Nuclear Extract problem - (Jul/01/2005 )
Hi, I am trying to prepare some nuclear extract from mammalian cells, both tissue and cell lines. I have tried several times and used western to try to detect my protein of interest, but obviously, I did not get anything at all.
I am using the pretty standard protocol, hypotonic buffer, Dounce homogenizer, low salt/high salt approach. The control sample, which is total cell lysate using SDS sampling buffer worked well in the westerns, just that I did not find anything at all, the cytosolic fraction, nuclear fraction and even the debris! Anyone has experienced the similar problem before, I need help urgently!
I don't have much experience with nuclear protein extraction, since I've just started a couple months ago with the technique. I've been doing it with tissue (30 mg approximately for sample) and with cells (4-5 million cells approximately) too, and everything's right according to my protein quantifications and WB results. Are you using similar quantities of tissue/cells? How's your nuclear protein concentration? How much protein are you loading for SDS-PAGE? I usually load 30 ug/well. Since you don`t obtain proteins even from the cytosolic fraction, I'd check up the antiproteases in your homogenization buffer.
Well, I did add adequte amount of PMSF plus protease inhibitors in the extraction buffers. My protein of my interest does not show up at all, both the NE of tissue and cell culture. It somehow just disappears. Since I did not see anything on the western, I just loaded as much as I could in the well. Well, I'll have to double check everything then. I have also read I a previous thread about chromosomal DNA containmation that makes protein extraction difficult from the nuclear pellet.

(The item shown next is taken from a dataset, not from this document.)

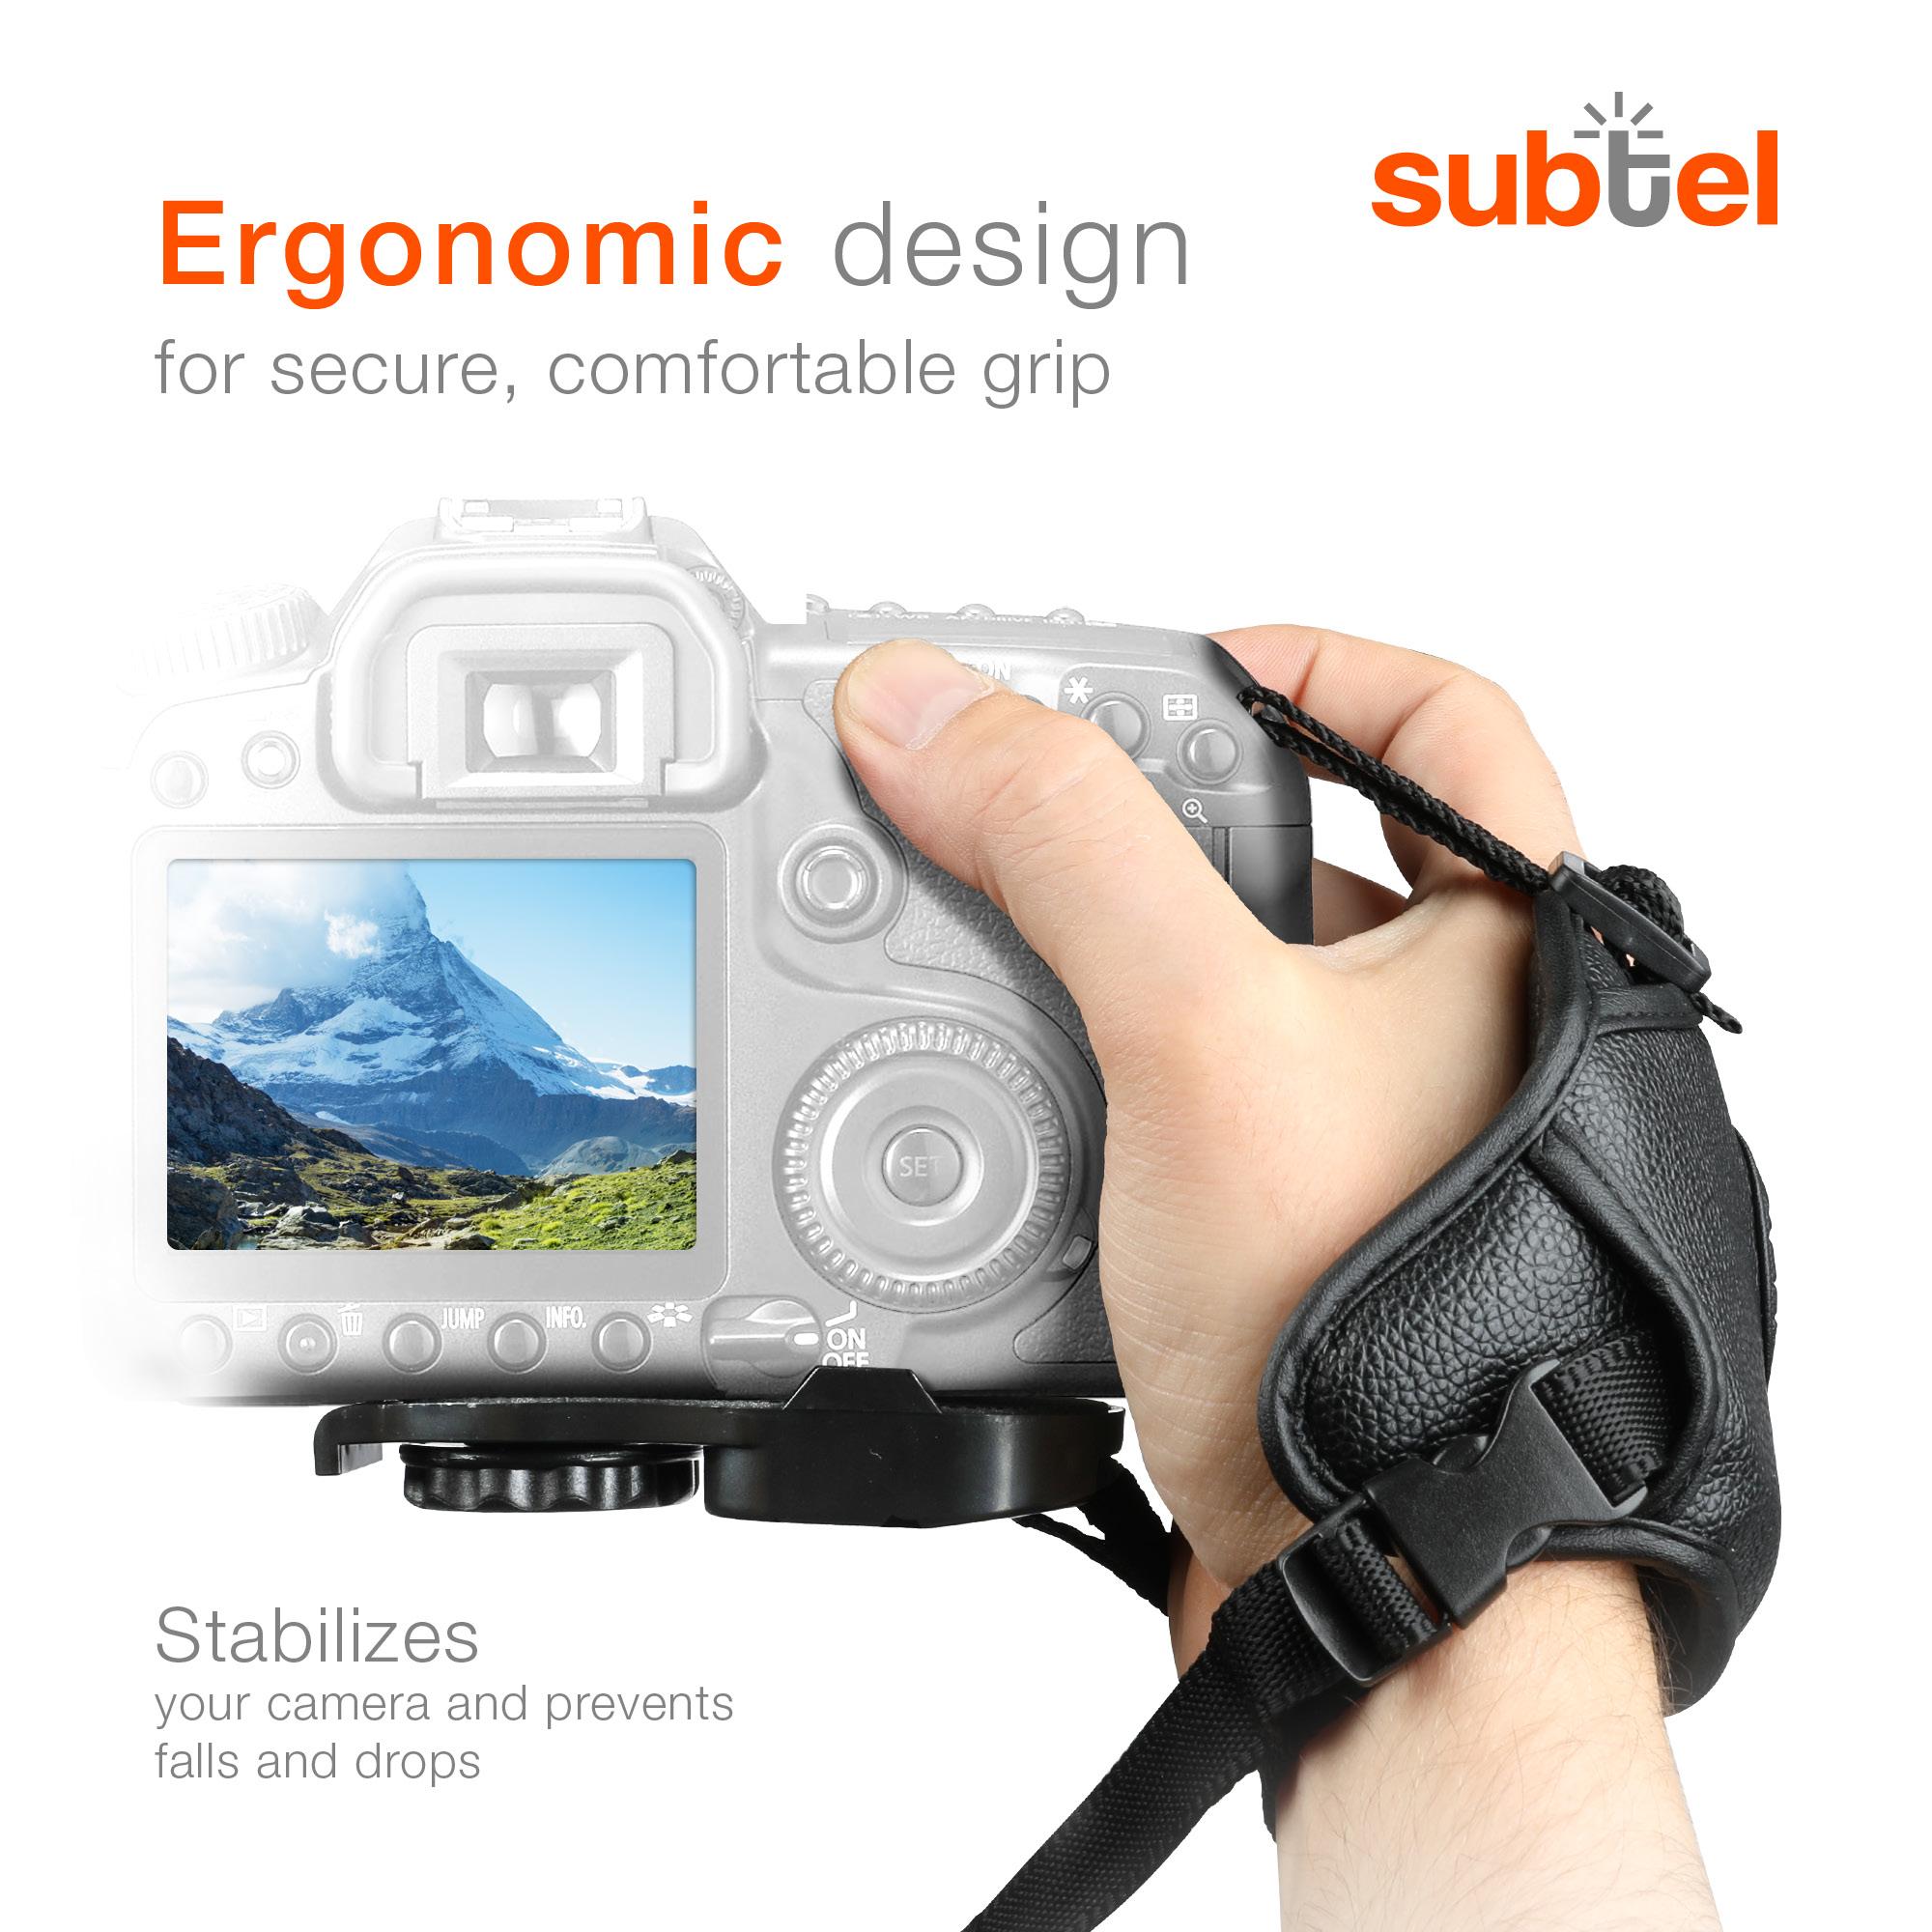 Correa de muñeca para Panasonic Lumix dmc-fz1000 PU Cuero mano cinturón Cinturón cámara

Did you do a positive control for your Western? No, you didn't right?
ALWAYS, incluse a positive control when doing something for the first time.
Most likely, its not the nuclear extract thats the problem but your Western blotting procedure.
Even if a protein is nuclear you could still detect it (if you load alot more) in whole cell extracts.
If you are certain you have this protein in the cells you are using use RIPA buffer to collect protein and load a tone of it (100 micrograms or more) onto a gel. You should be able to detect it.